Прищурил красные веки. Понаблюдал, лакомясь, за эффектом.
Пол под Варенькой качнулся и поплыл.
Она устояла. Выдержала безресничный взгляд.
У края глаза сеточкой легла усмешка.
– Да, Варвара Петровна, чудес не бывает. Но…
– Но?
– Но ваше письмо каким-то волшебным образом попало к государю. Не знаю уж, какие крылатые гении этому покровительствовали…
Граф подошел почти вплотную. Теперь уже не только взгляд, но и его дыхание обволакивало ее.
– И это конечно же чудо, Варвара Петровна. Потому что мы тщательнейше оберегаем государя от писем, прошений и других стихийных эпистолярных явлений. Тщательнейше, – повторил граф, смакуя шипящие согласные.
Варенька кивнула, плохо понимая, для чего она кивает и для чего вообще стоит в этом кабинете с графом N и огромным портретом государя…
– Впрочем, иногда государь желает почитать несколько писем… Простых писем от простых людей. О, вы не знаете сердца государя, оно умеет чувствовать! Но и на это у нас всегда есть в запасе… Нет, конечно, мы не сами их пишем. Слава богу, российская земля в нынешнюю эпоху как никогда богата литературными талантами, чья одаренность уступает разве что только их сговорчивости. Вы бы знали, сколько прекрасных писем написали лучшие русские литераторы от имени простых людей и их языком! Они так набили руку на писании таких писем для государя, что даже открылось новое направление в литературе. Реализм – не слышали о таком? Монархический реализм. И тут… И тут ваше письмо!
Голос графа N доносился до Вареньки словно со стороны. Глаза ее были заняты машинальным разглядыванием портрета, парившего над залысинами графа. Кипящее героизмом лицо, тучные бедра, самодержавно круглящийся гульфик.

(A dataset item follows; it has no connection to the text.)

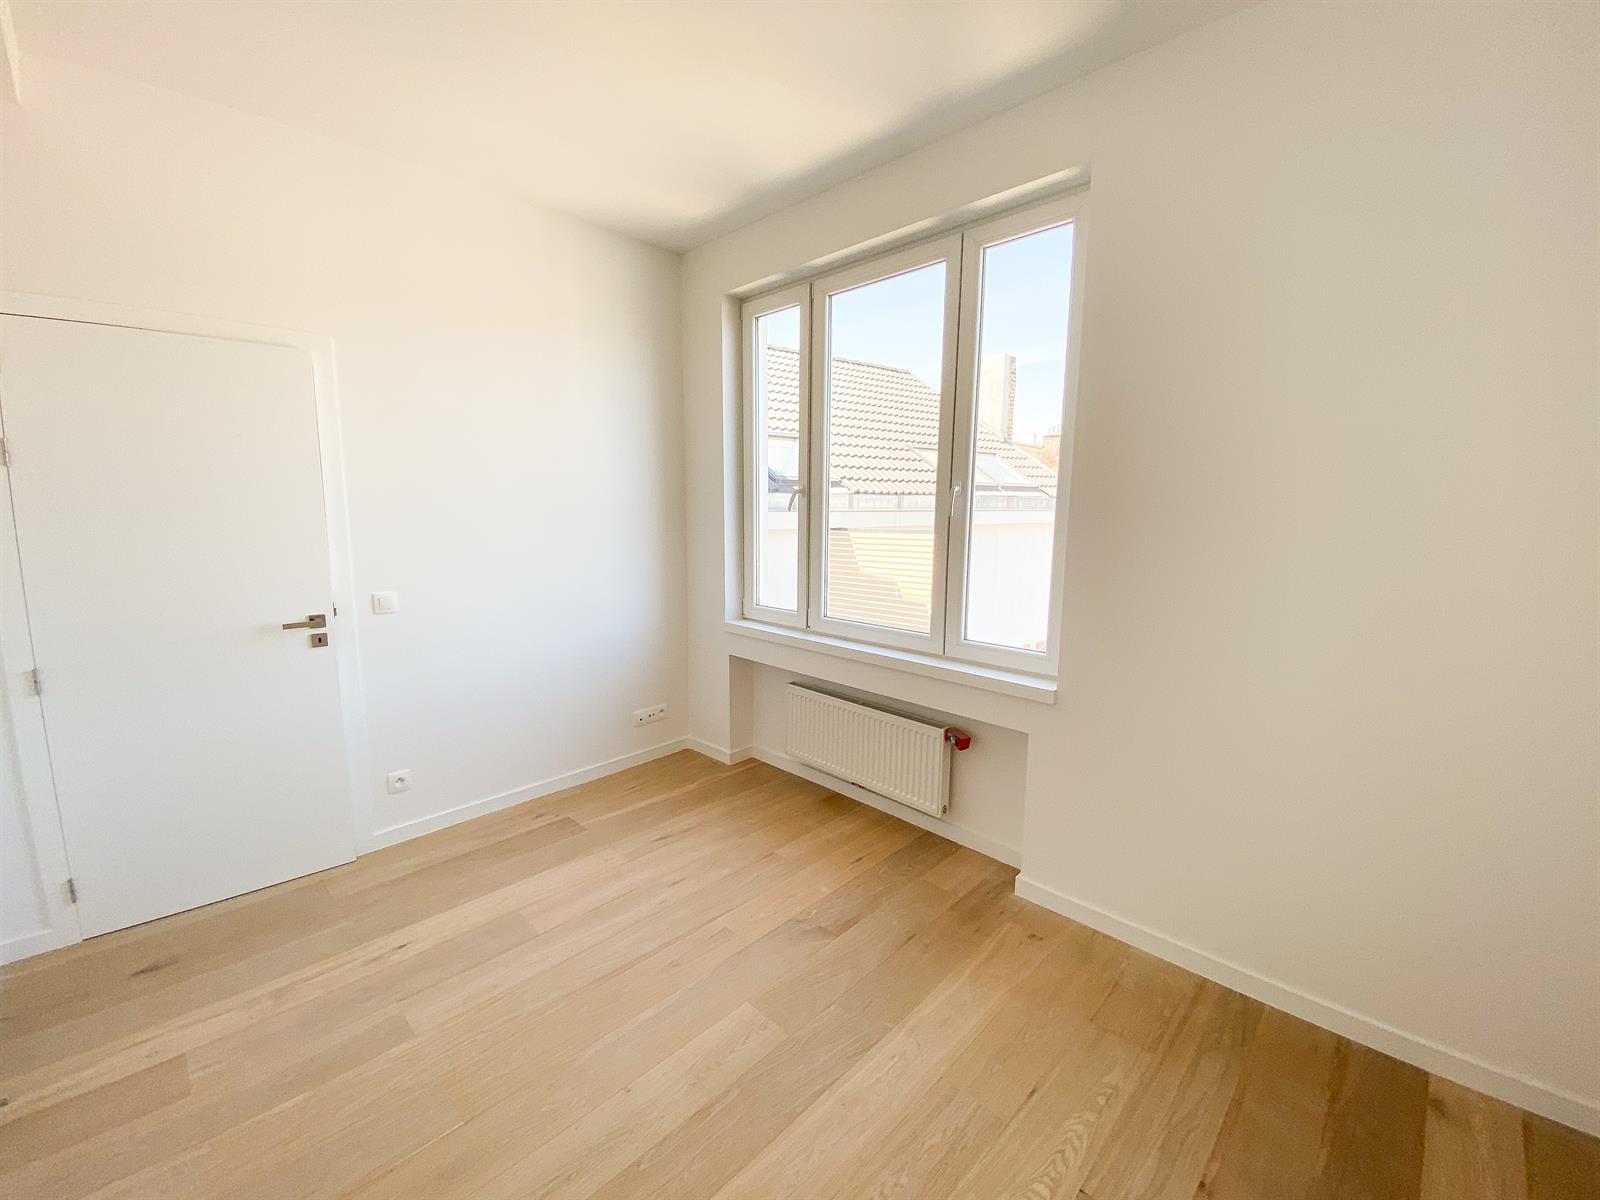 Appartement - Liège - #4045826-10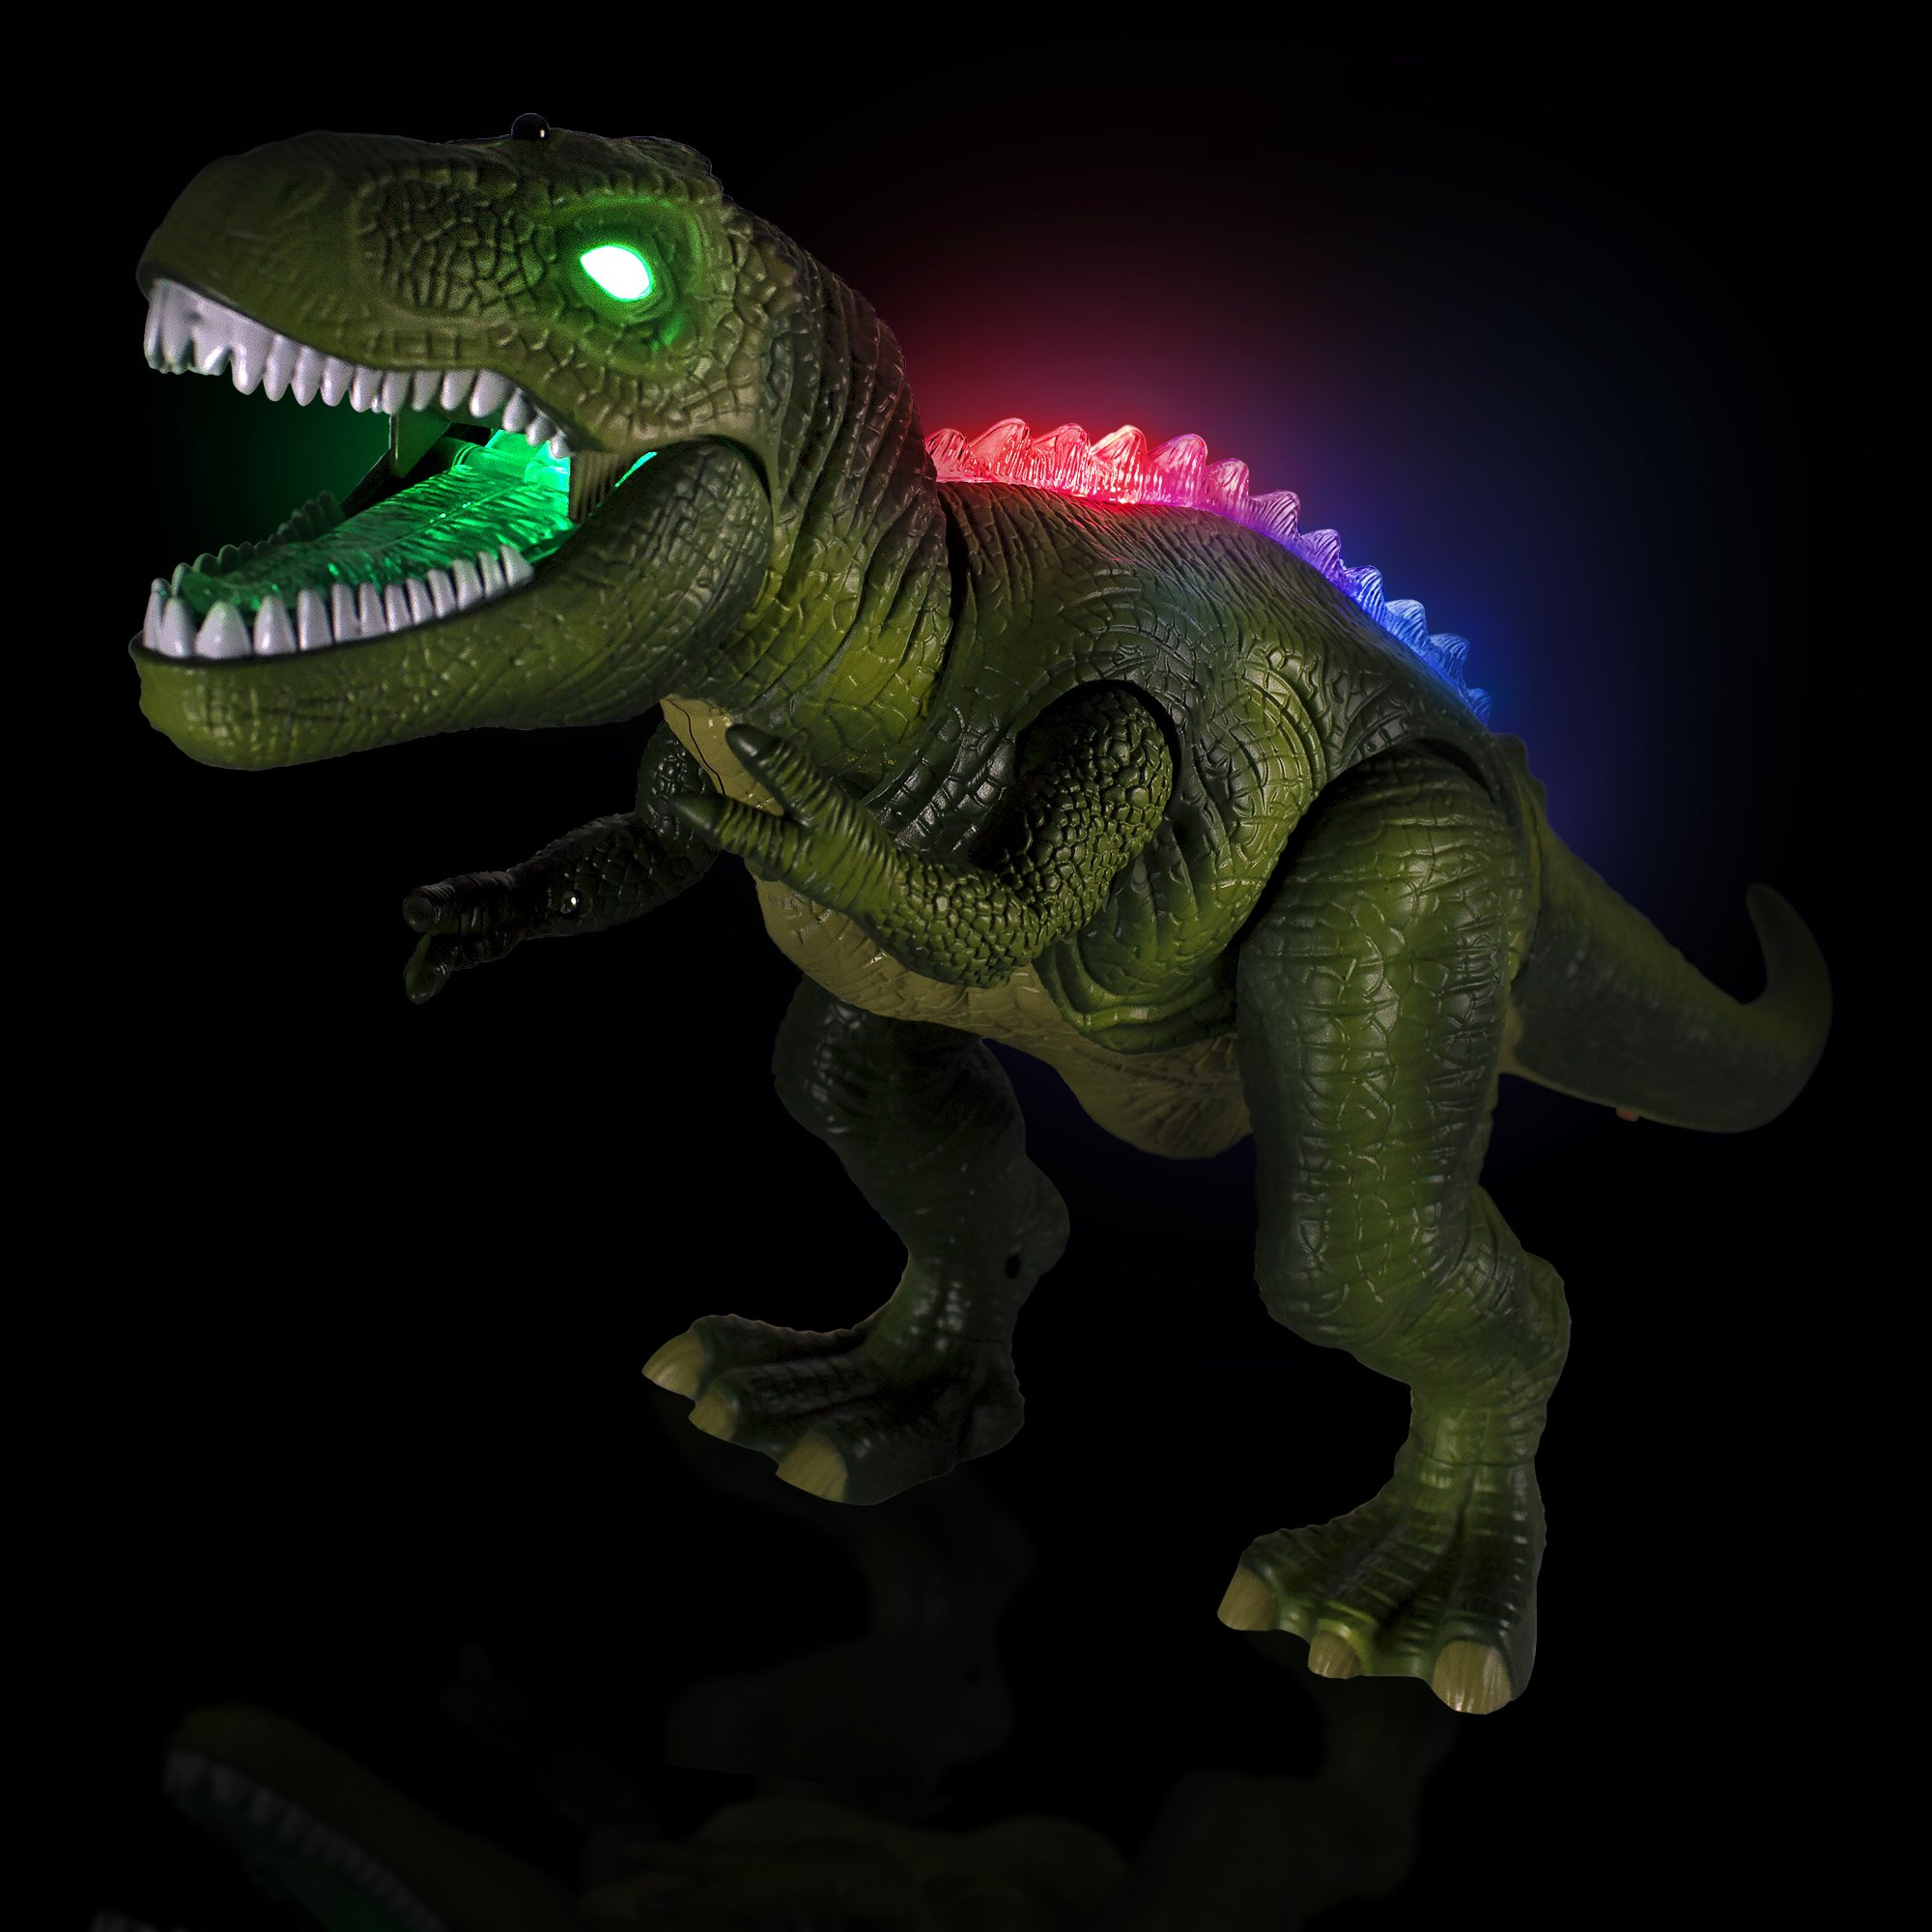 Windy City Novelties Led Light-Up Walking & Roaring T-Rex Dinosaur Toys for Boys & Girls (T-Rex with Remote) by Windy City Novelties (Image #2)

– Но это еще не все. Государь изволил прочесть ваше письмо!
– Государь прочел мое прошение?
– Вот именно! – Граф поднял палец, блеснув перстнем. – Вот именно, о чем я вам и говорю! Государь прочел ваше письмо и изволил высказать высочайшее одобрение его стилю, отсутствию ошибок против русского языка, а также орфографии. И это, по-вашему, разве не чудо? Более того, он всемилостивейше заметил, что после смерти его любимого литератора Пушкина Александра Сергеевича ни одно сочинение не доставляло ему столь интересного и тонкого переживания, какое доставило ваше письмо.
– Но… Что он сказал о предмете самого прошения?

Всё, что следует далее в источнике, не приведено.